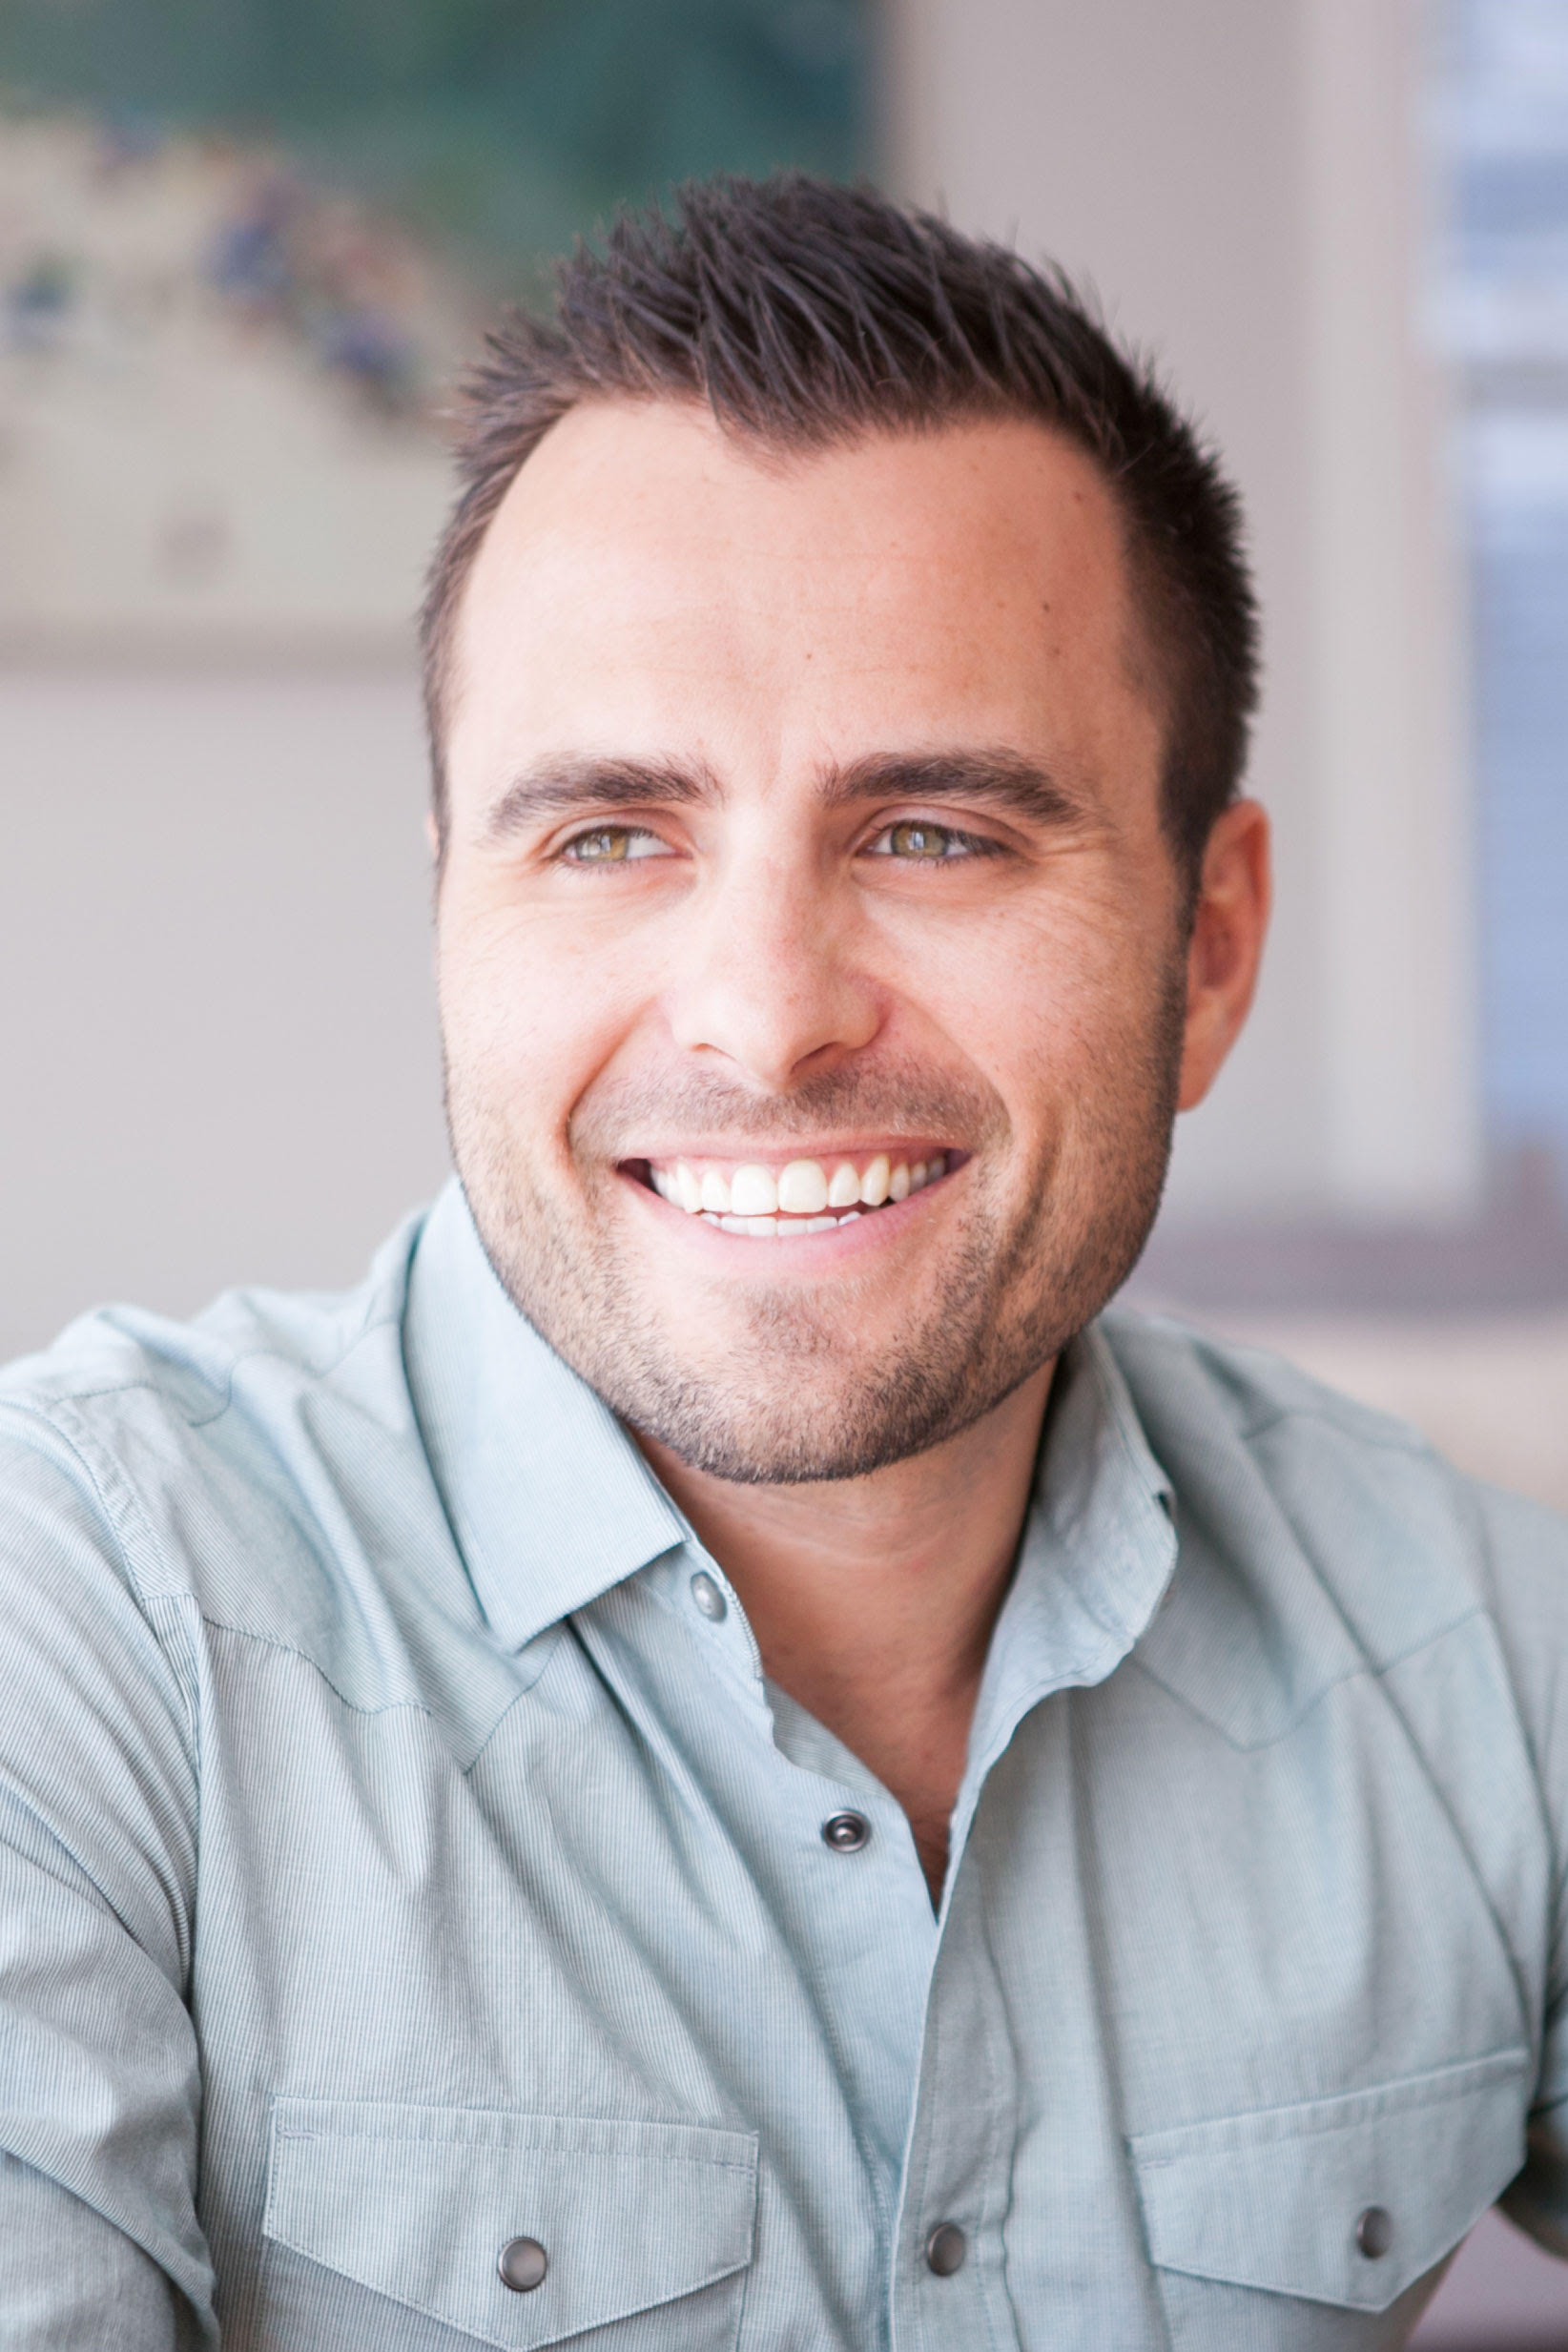 Brad Ebenhoeh - Managing Partner at Accountfully
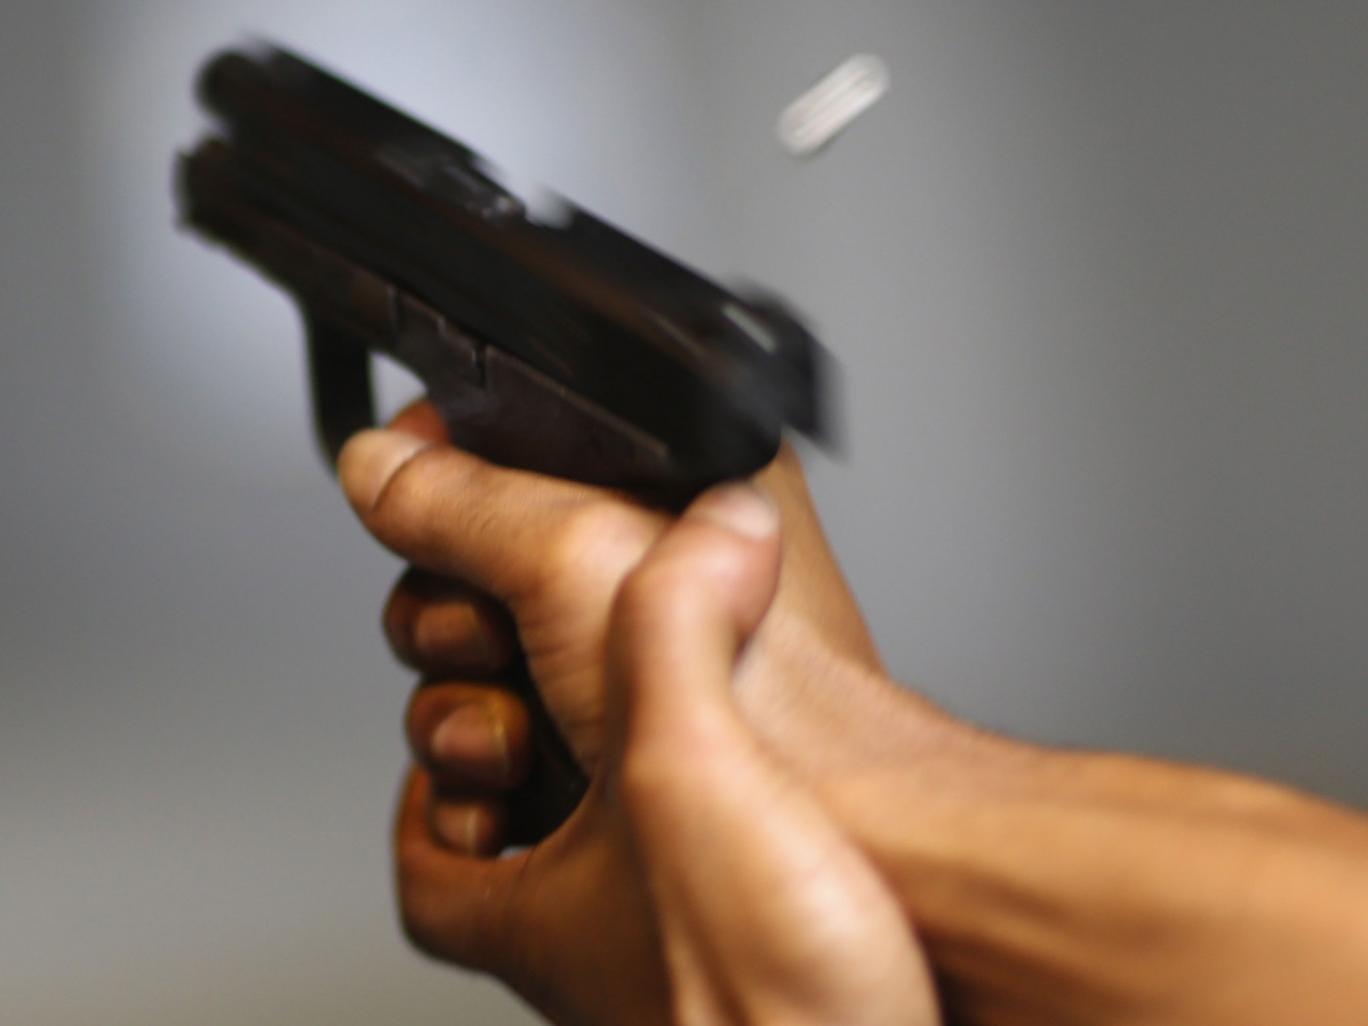 POMPANO BEACH, FL - APRIL 11: As the U.S. Senate takes up gun legislation in Washington, DC , a handgun is used on the indoor firing range at the National Armory gun store on April 11, 2013 in Pompano Beach, Florida. The Senate voted 68-31 to begin debate
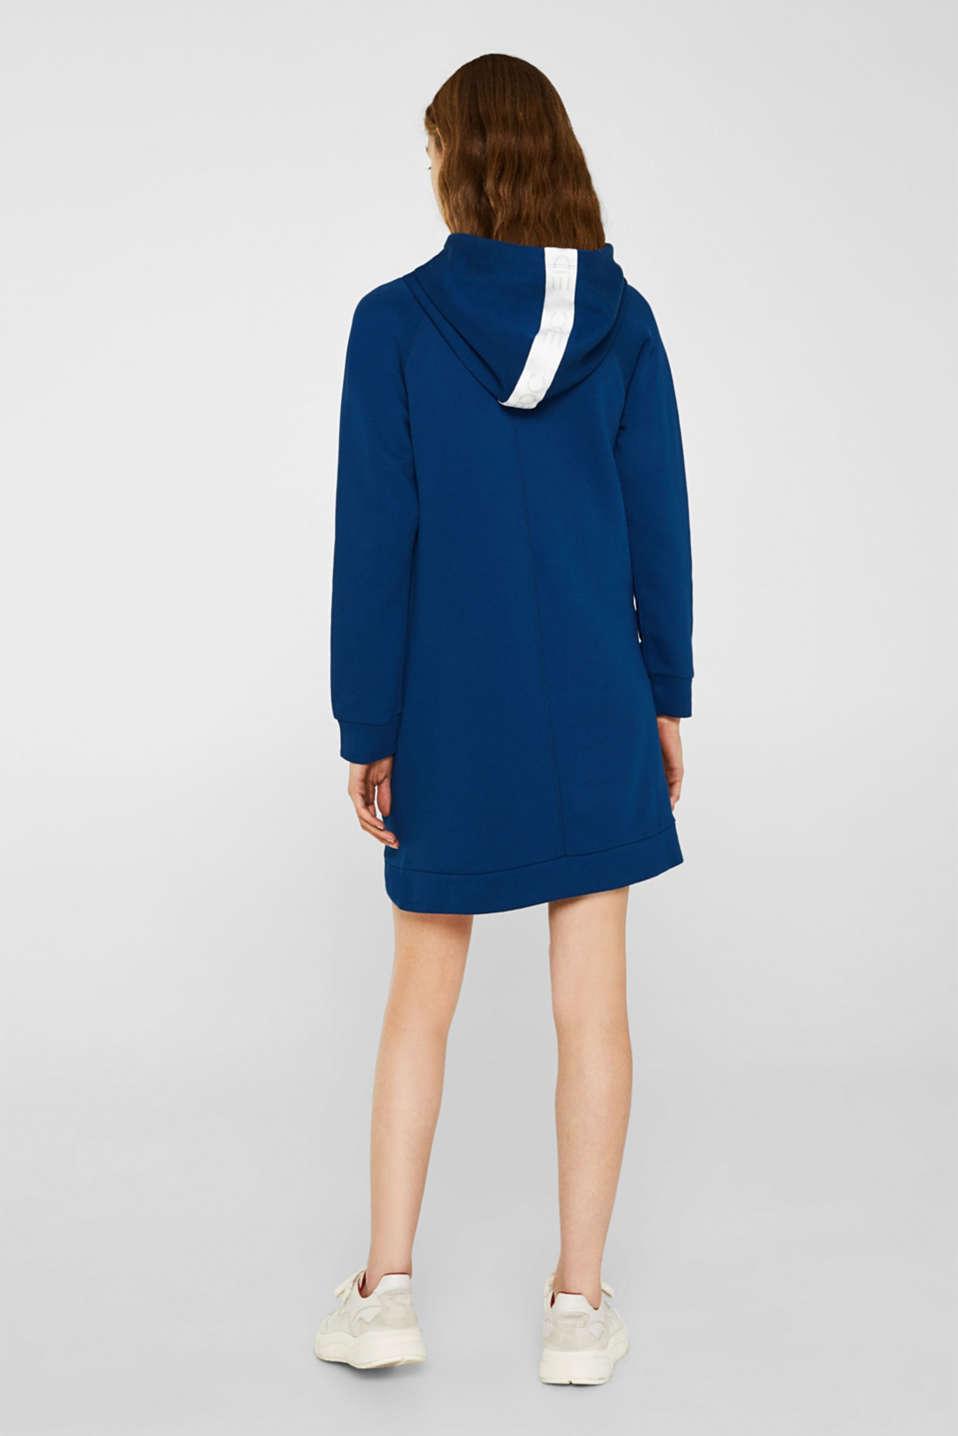 Dresses knitted, DARK BLUE, detail image number 2

□ □ □ □

Please reproduce the listing exactly, leaving out any pictures.

RESPONSE:
 Brad Ebenhoeh - Managing Partner at Accountfully
 POMPANO BEACH, FL - APRIL 11: As the U.S. Senate takes up gun legislation in Washington, DC , a handgun is used on the indoor firing range at the National Armory gun store on April 11, 2013 in Pompano Beach, Florida. The Senate voted 68-31 to begin debate
 Dresses knitted, DARK BLUE, detail image number 2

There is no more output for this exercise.